**Supplied material:**
+++
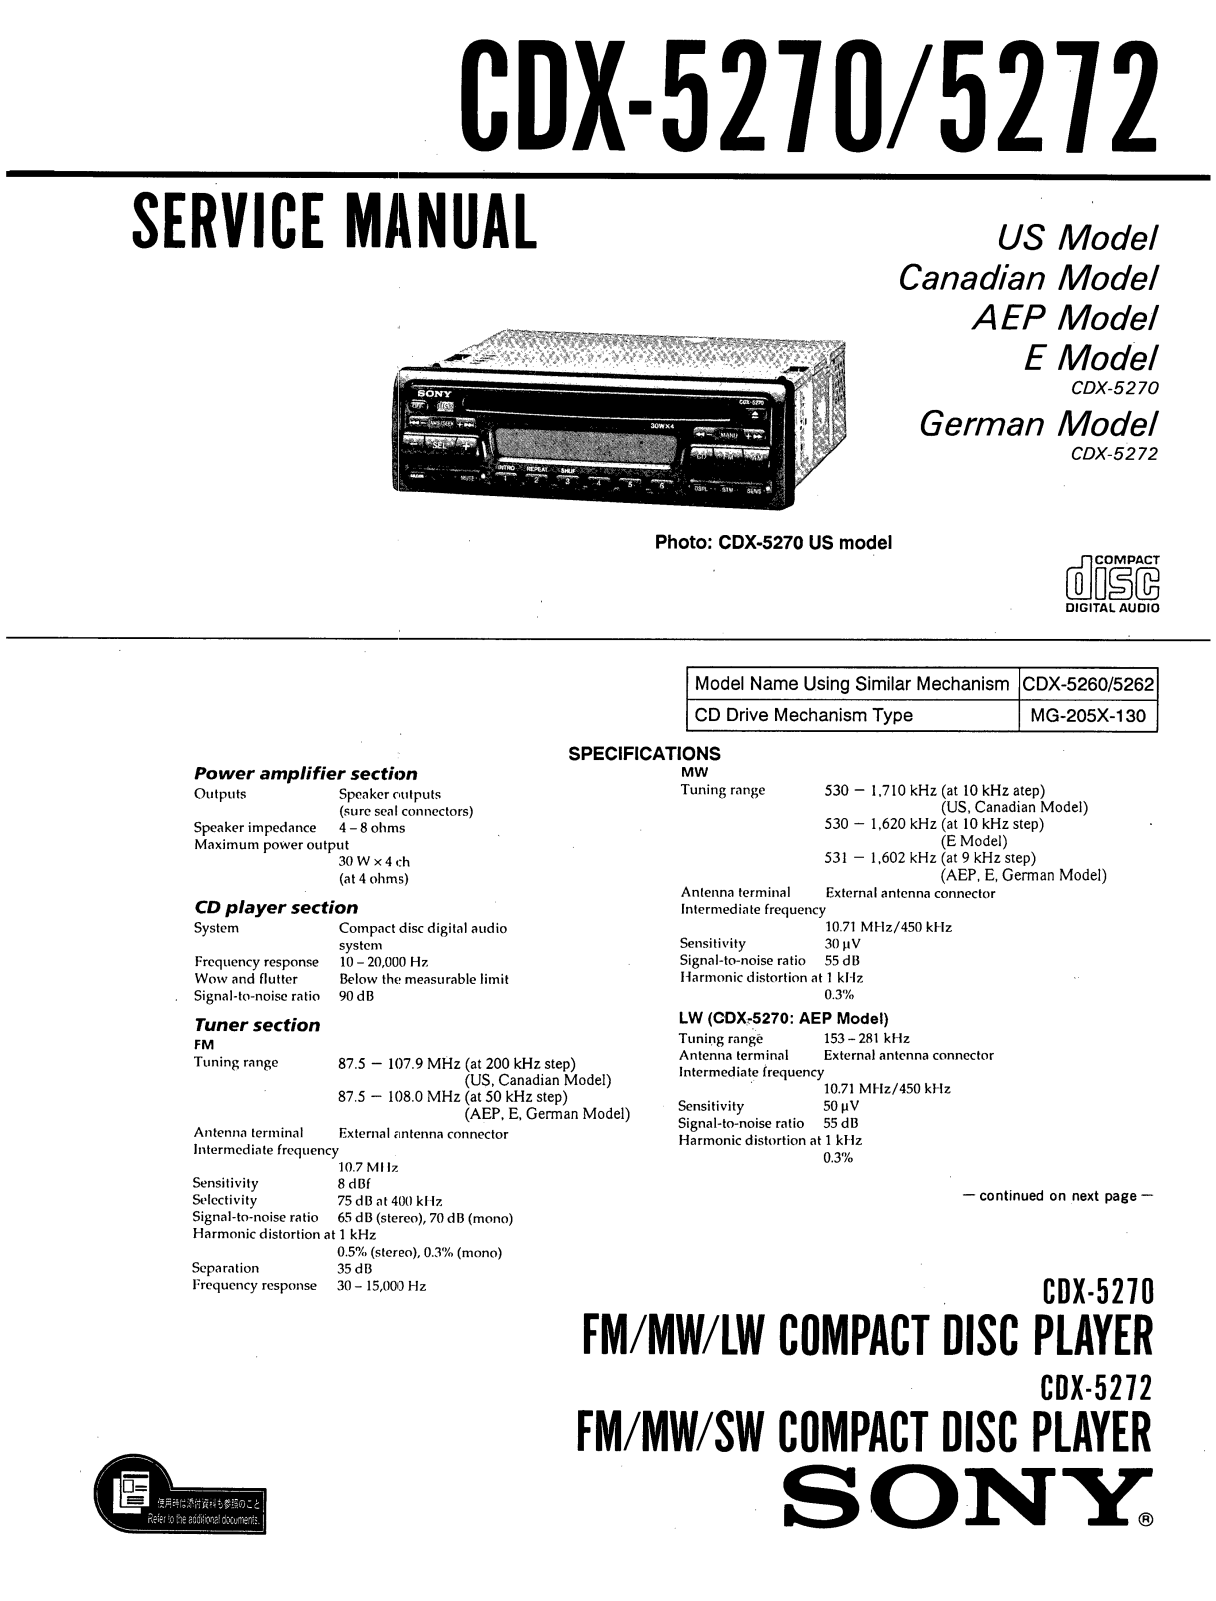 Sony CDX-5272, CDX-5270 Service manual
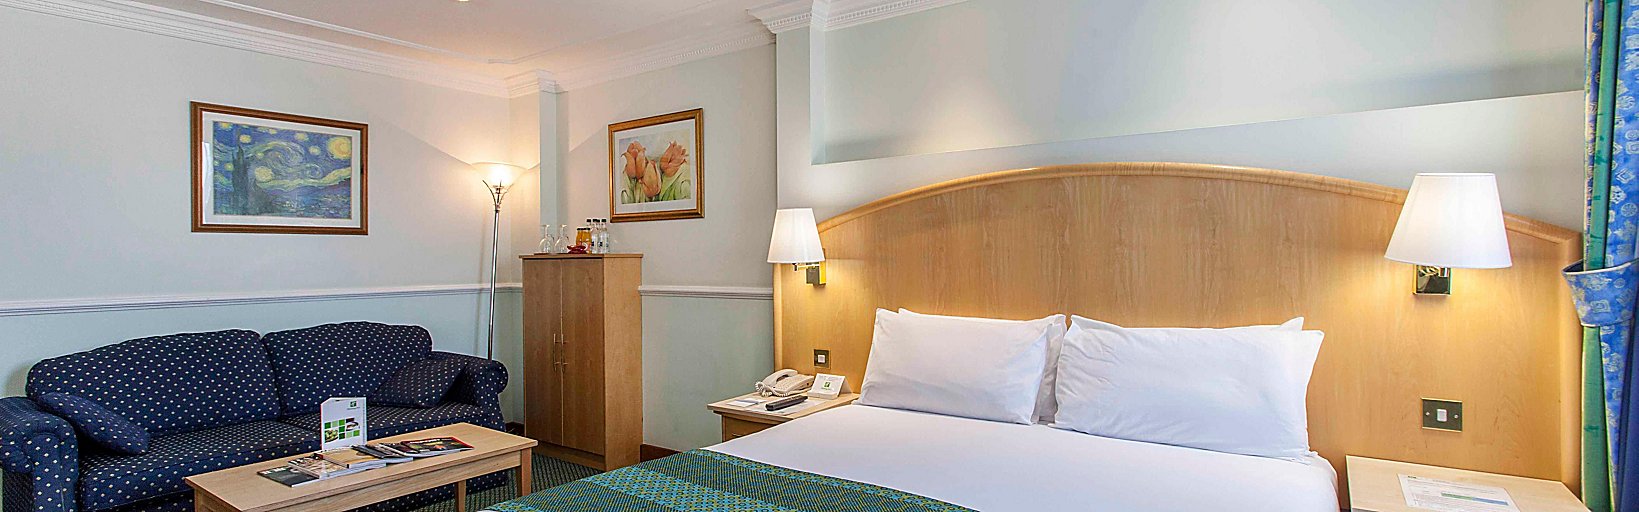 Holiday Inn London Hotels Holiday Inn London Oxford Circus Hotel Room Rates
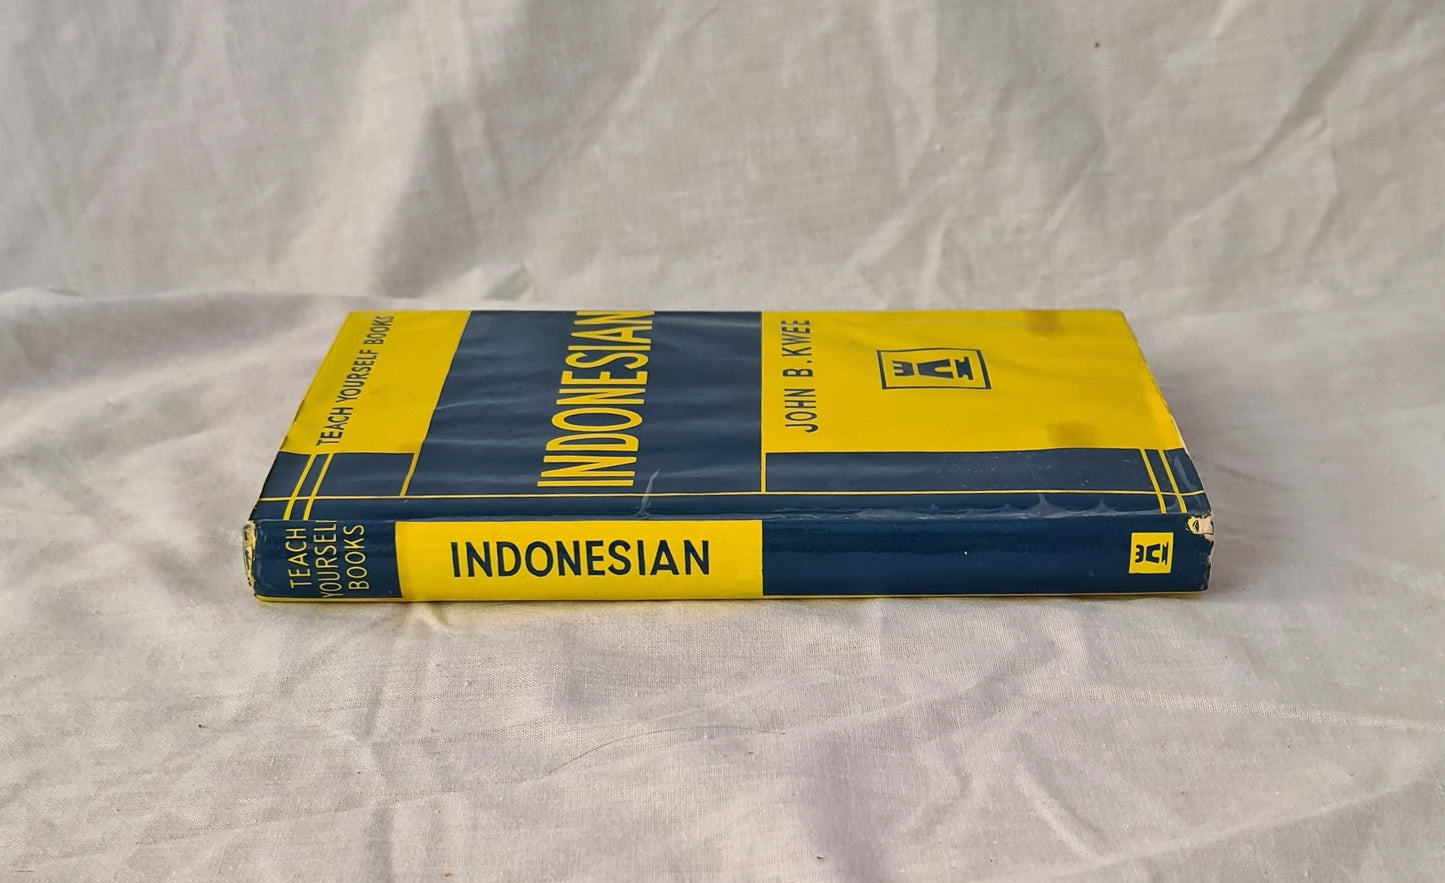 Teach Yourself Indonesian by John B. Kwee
+++
**Exercise goal:**
Please write out, word for word, each line from the one with "Holiday Inn London Hotels" to the last line of the data, keeping both ends and omitting pictures.

**Exercise response:**
 Holiday Inn London Hotels Holiday Inn London Oxford Circus Hotel Room Rates
 Teach Yourself Indonesian by John B. Kwee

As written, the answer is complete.